Sainsbury’s eco-store faces bulldozer
UK: The architect behind Sainsbury’s first award-winning “sustainable” supermarket has launched a campaign to save it from demolition, just 14 years after it was built. As Sainsbury’s trumpets the opening of the second of its “Triple Zero”, zero carbon stores, Paul Hinkin who led the team at Chetwoods Associates who designed Sainsbury’s Stirling-Prize-nominated store that opened in Greenwich in 1999, has launched a petition to save it from the bulldozer.
Due to the success of the store, Sainsbury’s is moving to a new larger site nearby but covenants restrict the existing store from being used by any other food retailer.
The site has been purchased by IKEA, with the furniture retailer planning to build a new 33,000m² store using sustainable materials as well as reusing and recycling all of the salvageable materials from the existing Sainsbury’s store.

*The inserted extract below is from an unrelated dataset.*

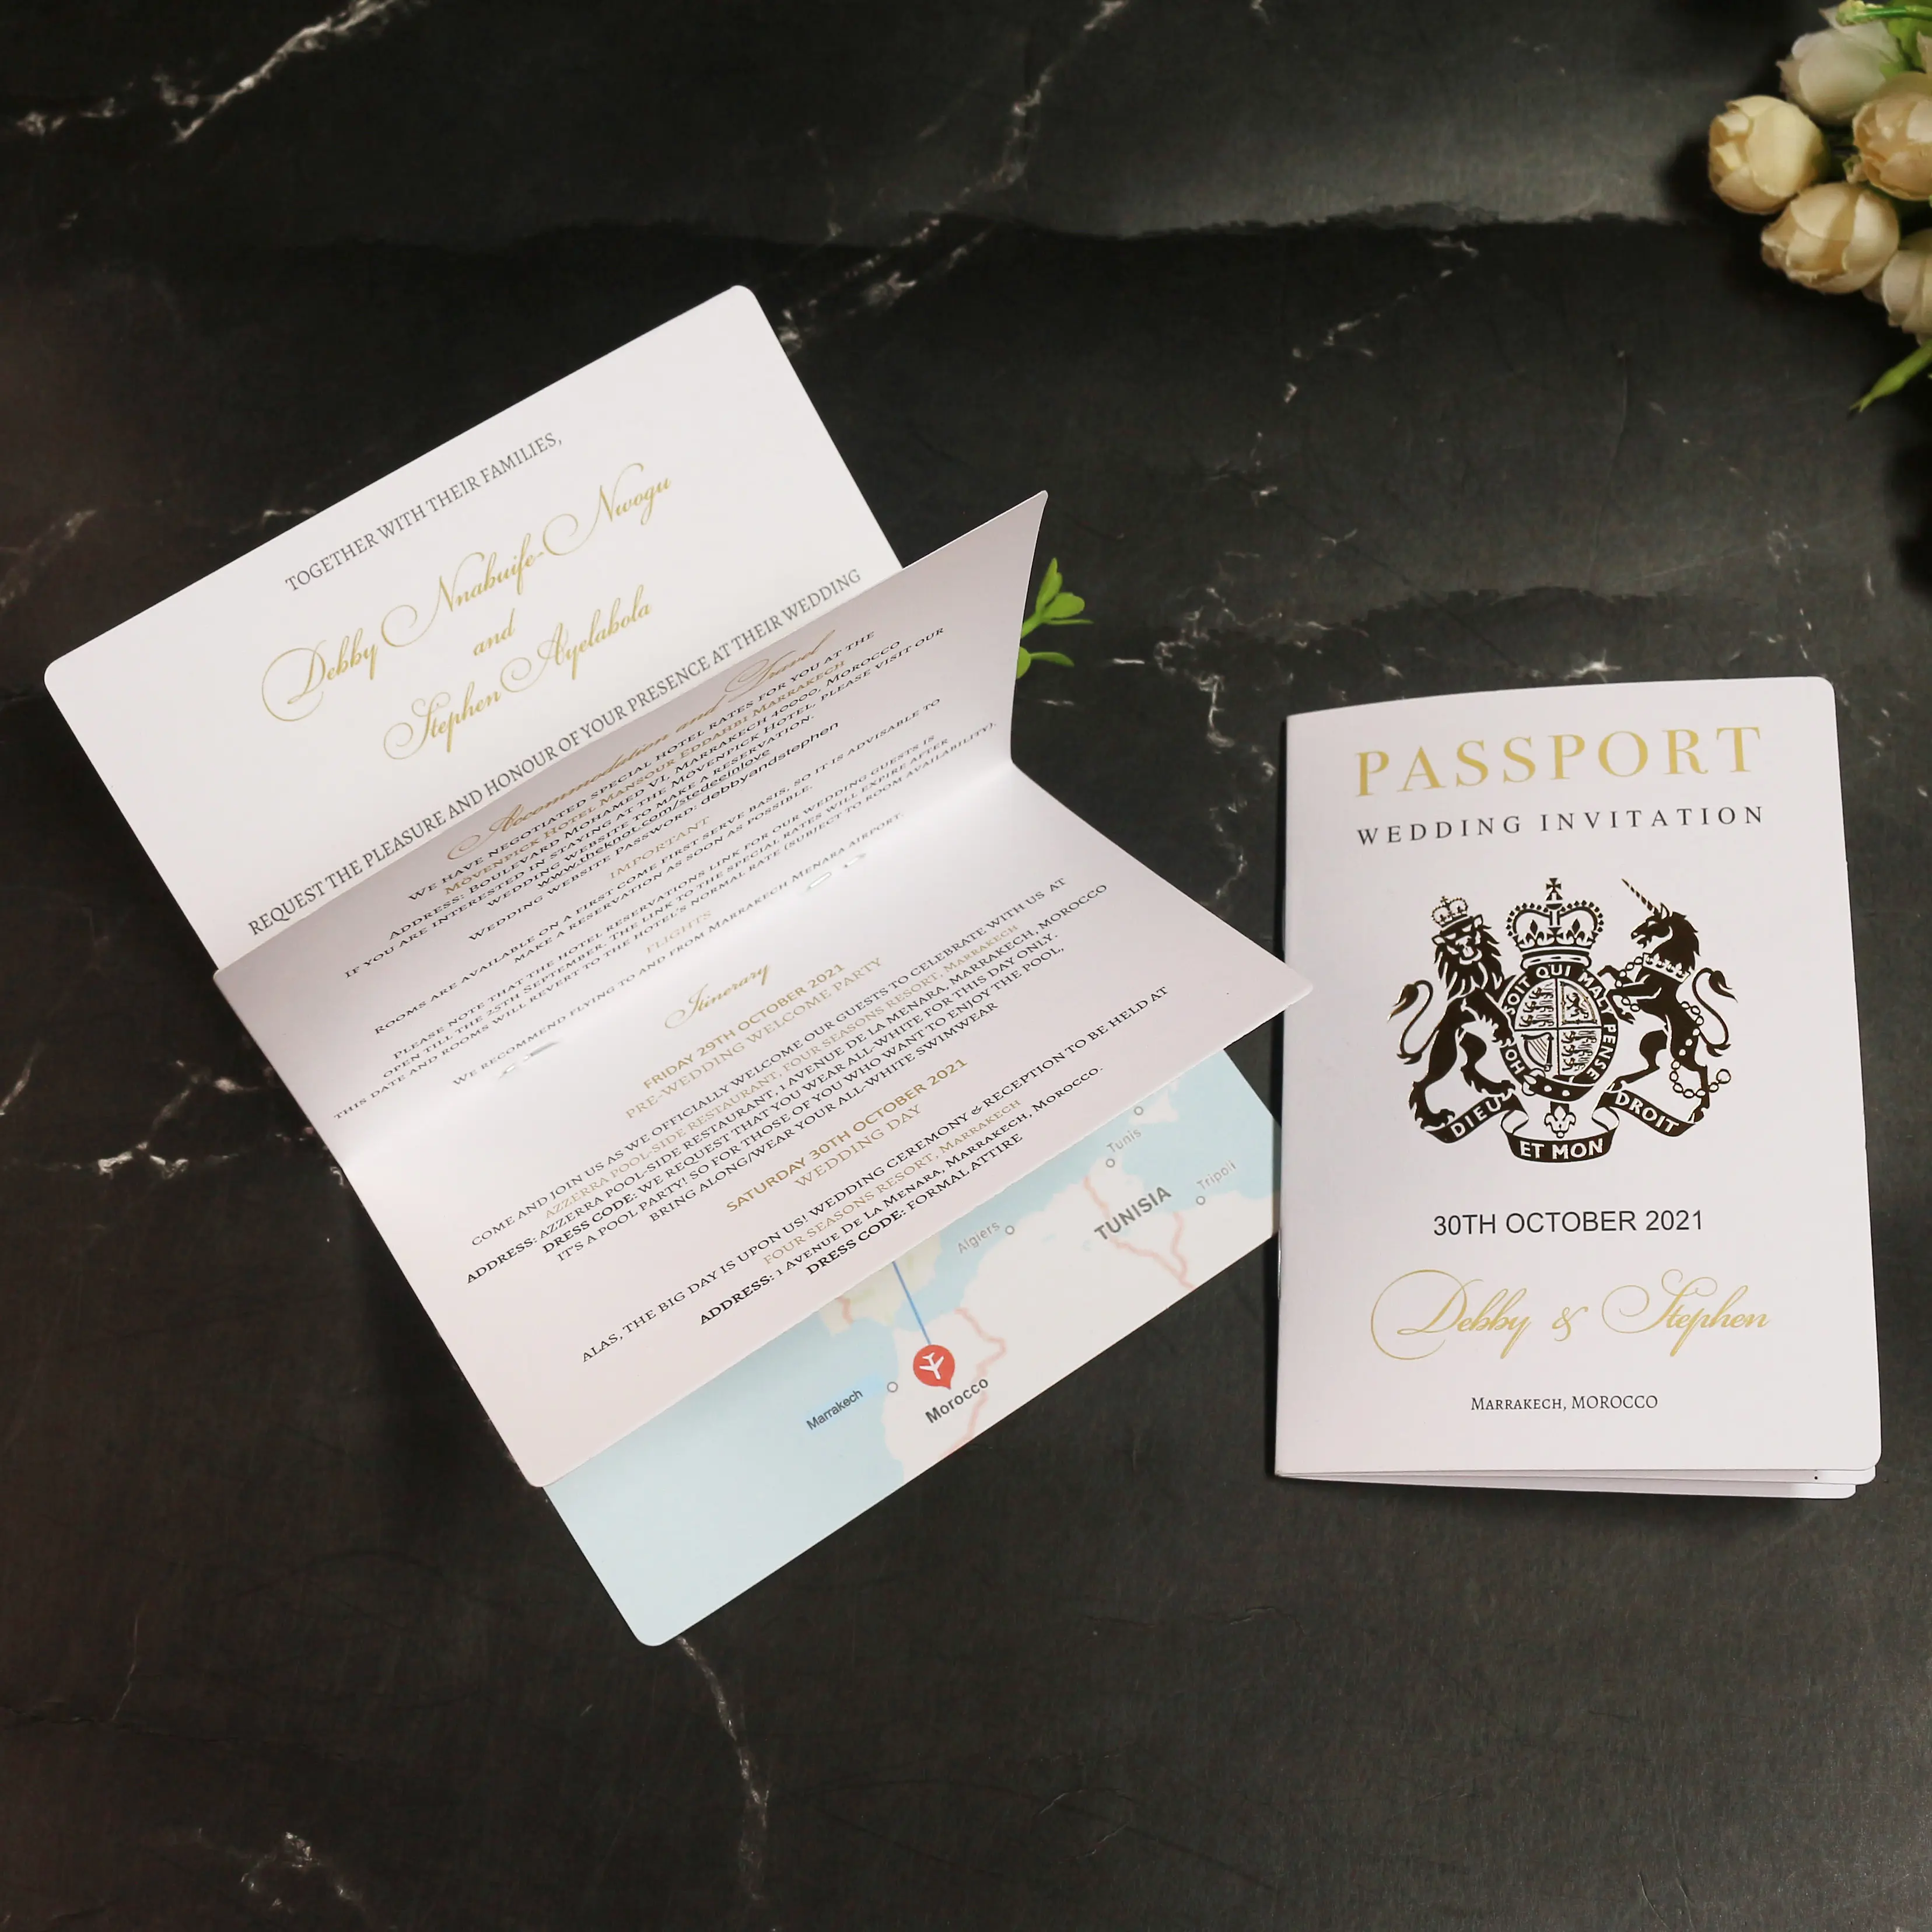 Specail Passport Wedding Invitation Printed With Photos

Writing in bdonline, Paul Hinkin, now the md at Black Architecture, described the store’s demolition as “wanton destruction” saying that it would “tarnish public perceptions of the whole sector.”

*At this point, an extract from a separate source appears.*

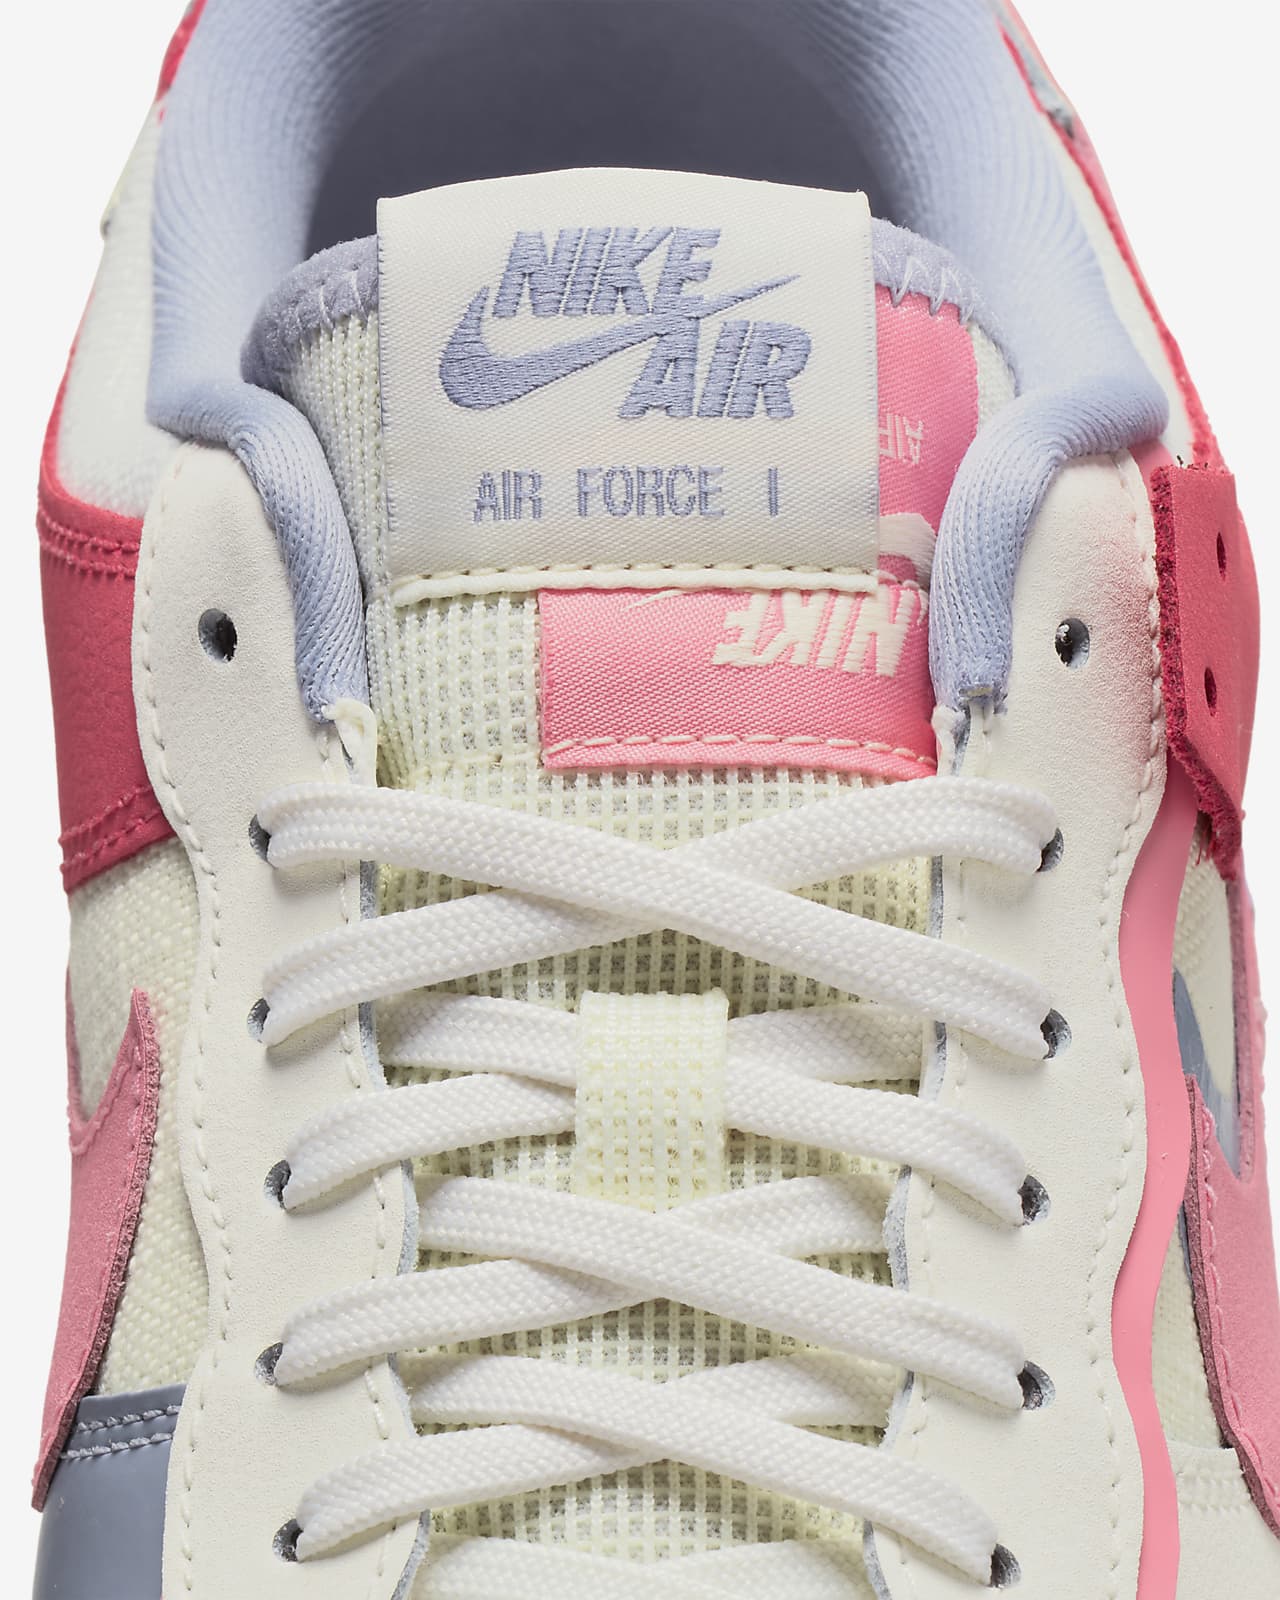 Air Force 1. Nike IN

“How can it be acceptable to make a pact about the sustainability of a development during the planning process, only to renege on that promise when it is surplus to requirements?” he said.

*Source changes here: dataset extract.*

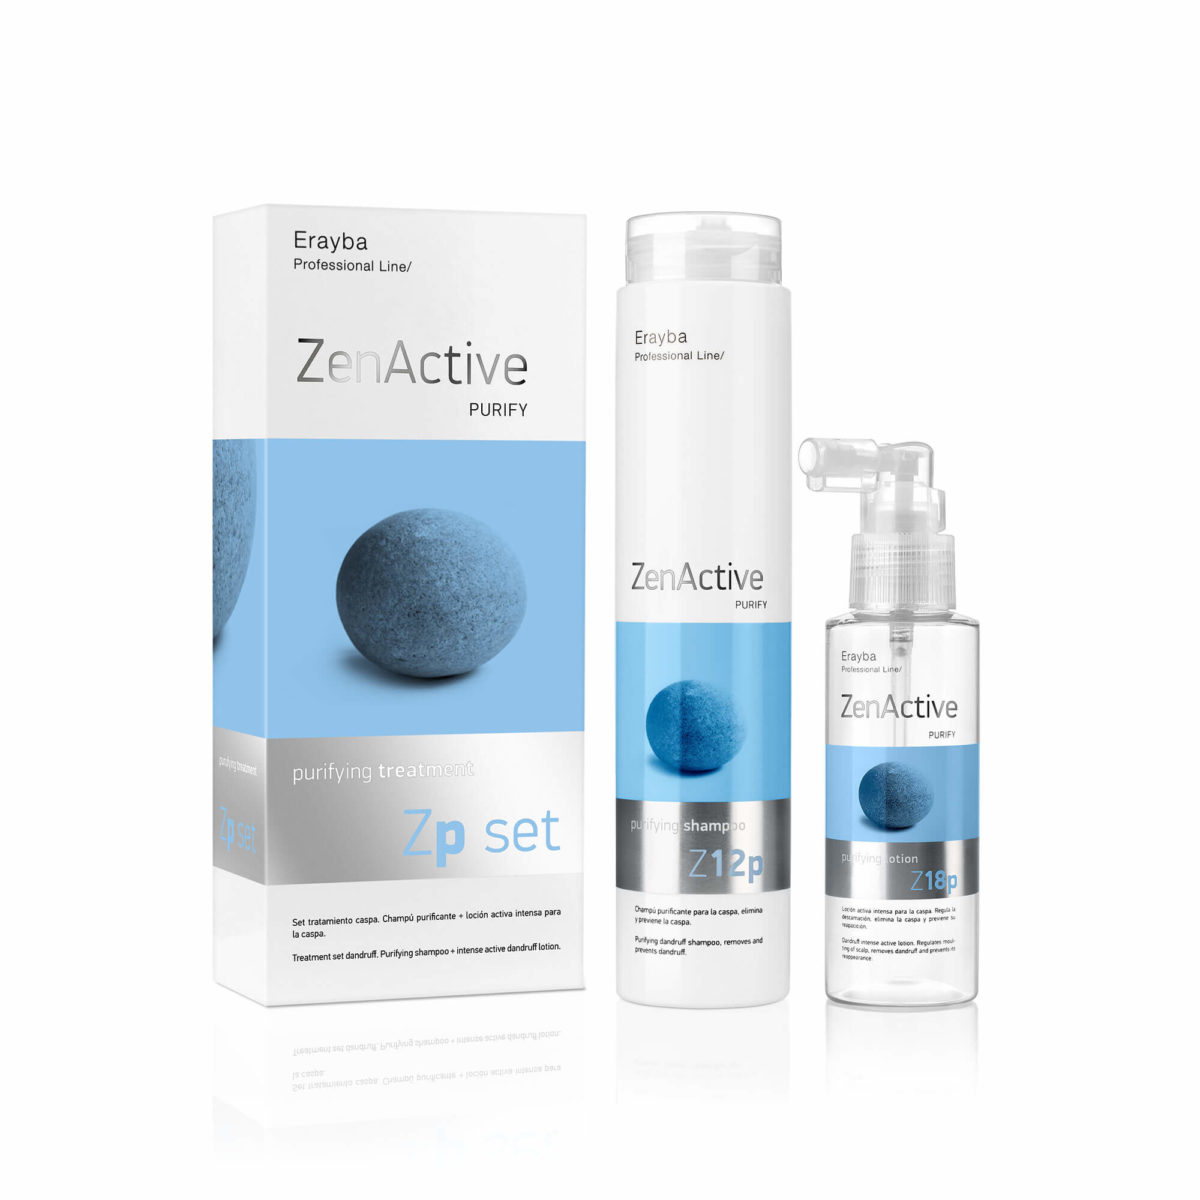 Erayba Zen Active Zp set purifying treatment

The building was opened by Jamie Oliver in a fanfare of publicity in October 1999 and won a number of awards including the RIBA Journal Sustainability Award and the £20,000 Design Sense Award, and was shortlisted for the Stirling Prize. It was chosen by the Design Council as a Millennium Product and featured in an exhibition that toured the world.
Sainsbury’s told the Cooling Post: “Sustainable technologies have moved on since the current store was first built and Sainsbury’s new store will use the very latest technologies available to complement our industry-leading standard specification. The new store will also use significantly less energy and we aim to reuse all of the equipment from the current store in other Sainsbury’s stores.”